Amazon.com Inc. signage is displayed in front of a warehouse in the Staten Island borough of New York, US, on Tuesday, March 31, 2020.
Enlarge / Amazon.com Inc. signage is displayed in front of a warehouse in the Staten Island borough of New York, US, on Tuesday, March 31, 2020.

A group of Amazon employees are suing the company, alleging it mandated unsafe working conditions in one of its fulfillment centers that led to the spread of COVID-19 and deaths resulting from the disease.

“This case is about Amazon’s failures to comply with New York law and state and federal public health guidance during the COVID-19 pandemic at the JFK8 facility,” the complaint (PDF) reads, alleging, “the company has relied on purposeful miscommunication with workers, sloppy contact tracing, and the culture of workplace fear it has instilled at JFK to ensure it can maintain productivity while reducing costs, even if that means workers come to work sick and cannot engage in proper hygiene, sanitizing, or social distancing while at work in order to stay healthy.”

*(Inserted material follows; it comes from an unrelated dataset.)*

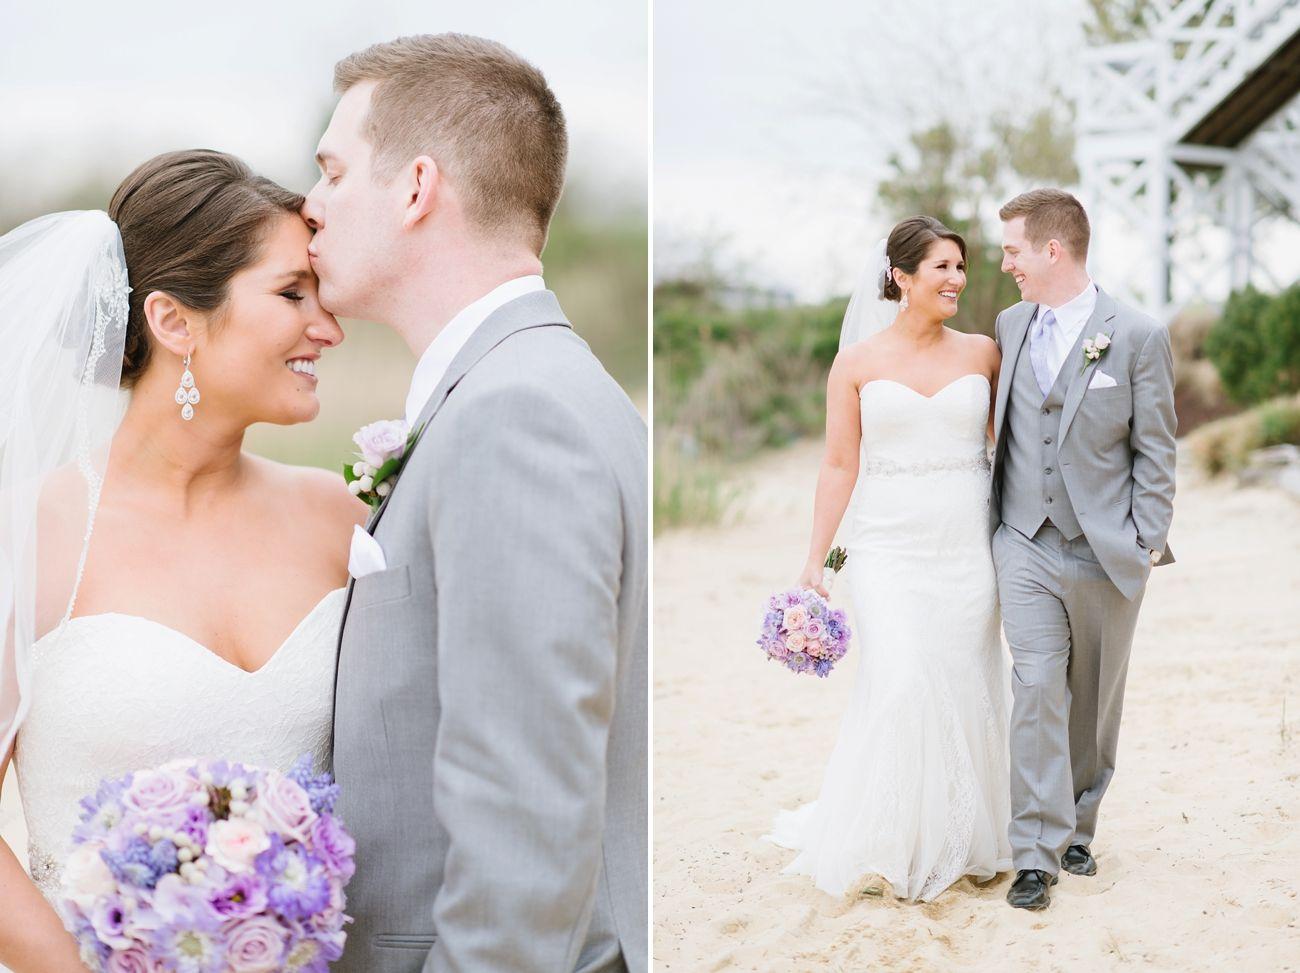 Chesapeake Bay Beach Club Wedding | Purple Spring Wedding Inspiration by Natalie Franke

At least one worker at the JFK8 warehouse in Staten Island has died of COVID-19 so far, and several others have fallen ill. As recently as this past weekend, employees at the facility were receiving additional newly confirmed cases at the facility. One of the plaintiffs in the suit alleges that after she contracted the novel coronavirus at work in the warehouse, “she awoke to find her cousin with whom she lived dead in their bathroom” after he developed COVID-19 symptoms. She requested paid quarantine leave from the company under the terms of New York law, the suit says, but Amazon failed to pay her.

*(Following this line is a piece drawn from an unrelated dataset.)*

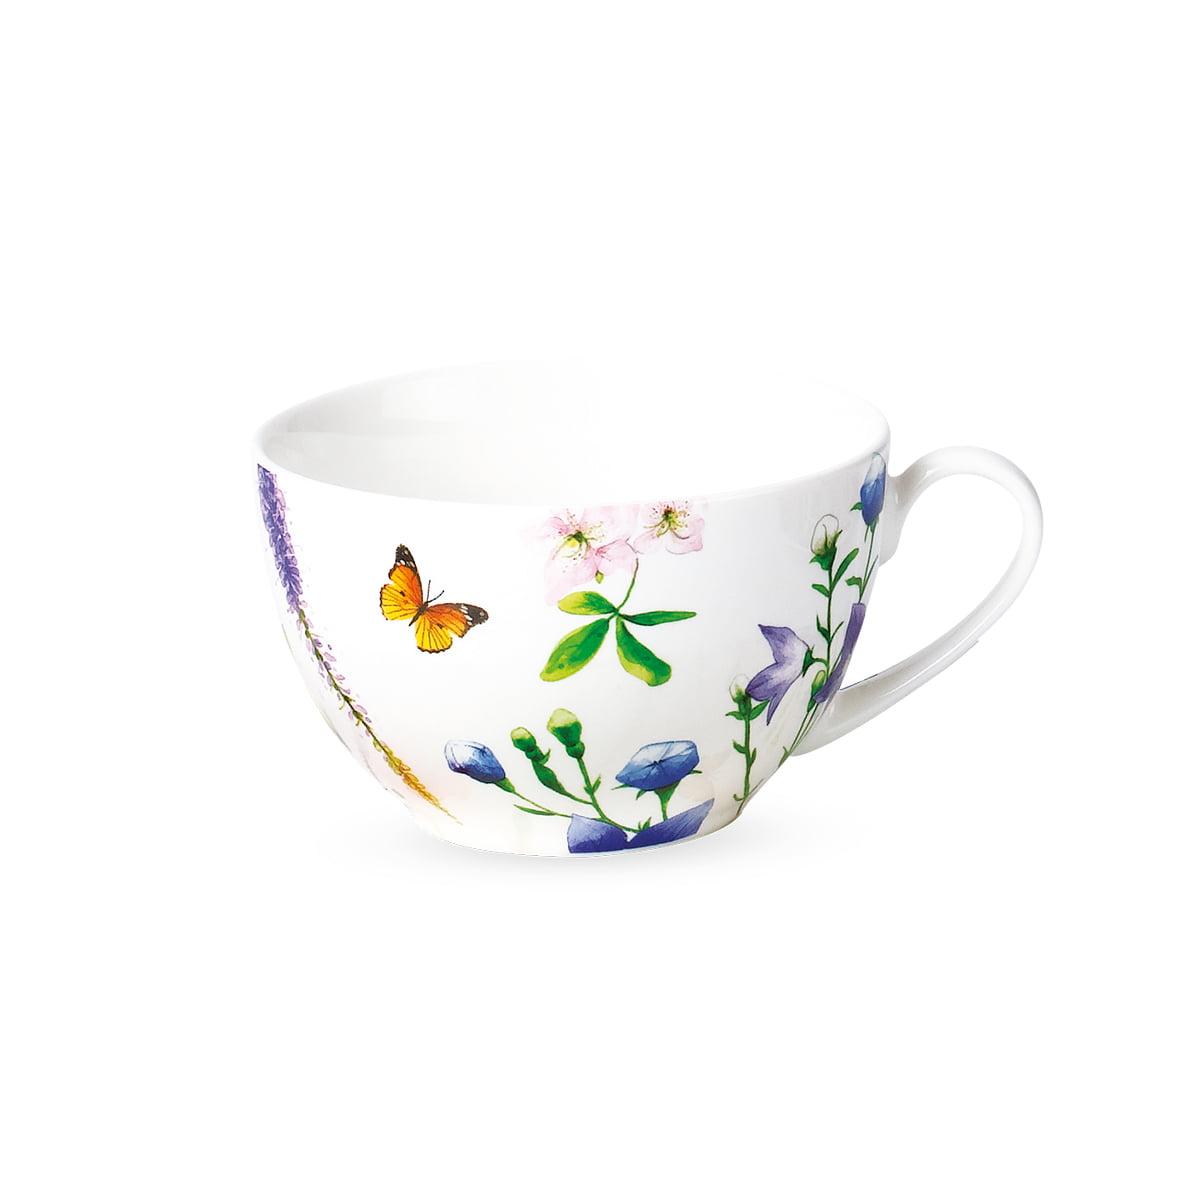 Butterfly porcelanski set za ručavanje 5 - Šolja

Aside from that back pay, however, the plaintiffs do not seek any financial damages for past harm, according to the complaint. “All they seek is an order requiring Amazon to comply with public health guidance to prevent more harm in the future.”

A former Amazon employee, Christian Smalls, spoke out about the unsafe conditions at JFK8 back in March and organized an employee walkout in protest. Amazon promptly fired him. A few days later, reporters at Vice Motherboard obtained an internal memo about Smalls’ firing, in which Amazon senior leadership determined to make Smalls the face of the entire organization movement and disparage him while doing so.

“If possible, make him the face of the entire union/organizing movement,” the company’s general counsel, David Zapolsky, wrote in the memo. “He’s not smart, or articulate, and to the extent the press wants to focus on us versus him, we will be in a much stronger PR position than simply explaining for the umpteenth time how we’re trying to protect workers.”

Amazon also fired several other employees who spoke out about working conditions in the company’s warehouses amid the COVID-19 crisis.

The Office of New York State Attorney General Letitia James in late April began an investigation into the health and safety practices at Amazon’s New York warehouses. “The information so far available to us raises concerns that Amazon’s health and safety measures taken in response to the COVID-19 pandemic are so inadequate that they may violate several provisions of the Occupational Safety and Health Act,” James’ staff wrote in an April 22 letter.

“Many workers are fearful about speaking out about their concerns following the termination of Mr. Smalls’ employment,” the letter added. “This is a particularly dangerous message to send during a pandemic, when chilling worker speech about health and safety practices could literally be a matter of life and death.”

An Amazon spokesperson in a statement to Ars stressed that the company follows the guidance of applicable health authorities, including the CDC and WHO in addition to state regulators. “We are saddened by the tragic impact COVID-19 has had on communities across the globe, including on some Amazon team members and their family and friends,” the spokesperson said, adding that the company offered “unlimited” time away from work from early March through May 1 and that the company has invested $4 billion on “COVID-related initiatives” to date, “including over $800 million in the first half of this year on safety measures like temperature checks, masks, gloves, enhanced cleaning and sanitization, extended pay and benefits options, testing, and more.”